California State University Northridge
Chris Bolsmann is a South African sociologist. His research and teaching interests are in the social history of sport with specific emphasis on football in South Africa. He received his Ph.D. in sociology from the University of Warwick in Britain in 2006. He completed his MA and BA degrees at the University of Pretoria in South Africa. He has taught amongst others at the Universities of Pretoria and Johannesburg in South Africa, the University of Seoul in South Korea and the University of Warwick and Aston University in Britain. He recently published with Dil Porter (2018) English Gentlemen and World Soccer: Corinthians, Amateurism and the Global Game. Routledge: London
‘“If anything, go see America”: South African football players, the North American Soccer League and Apartheid”

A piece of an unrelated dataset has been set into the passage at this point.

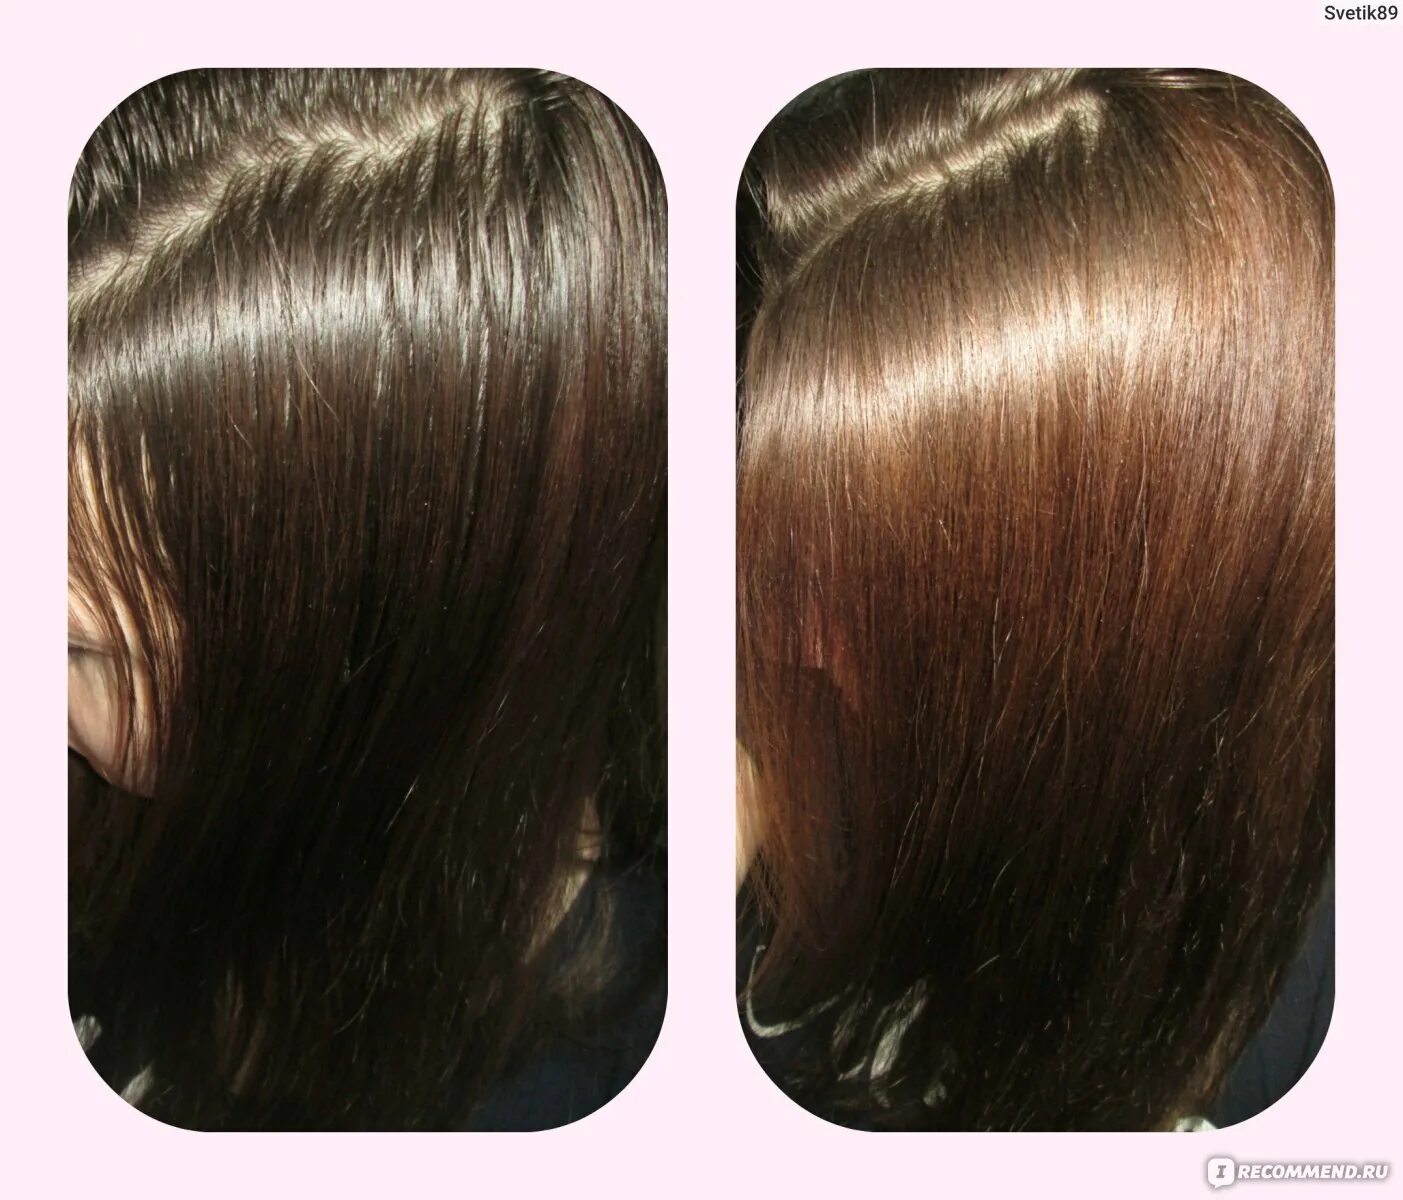 Сухой шампунь для волос до и после. Сухой шампунь эффект до и после. Чистые волосы до и после. Волосы после сухого шампуня

This paper draws from the archives of Minnesota Kicks and Atlanta Chiefs and a range of in-depth interviews with former players and officials including Kaizer Motaung. Elite black and white South African footballers made up a small but important group of players who helped popularize the North American Soccer League in the 1960s and 70s. These sportsmen circumvented the sports boycott and were encouraged by Pretoria to play abroad. South African football players were able to play professional soccer with and against one another in North America in an era where they were not permitted to do the same in their homeland South Africa. They were able to steer clear and go relatively undetected in a period where South Africa and its sports teams and personalities were clearly in the sights of the anti-apartheid movement and the sports boycott across much of the world. A few players, notably Kaizer Motaung and Jomo Sono, returned to South Africa and subverted apartheid sport by buying former white soccer teams and establishing racially mixed teams that helped bring about the downfall of segregated football in South Africa. A number of South Africans remained in the United States and were able to make lives for themselves in and outside of football. This paper sheds new insights into an era of South African football history yet to receive much scholarly attention.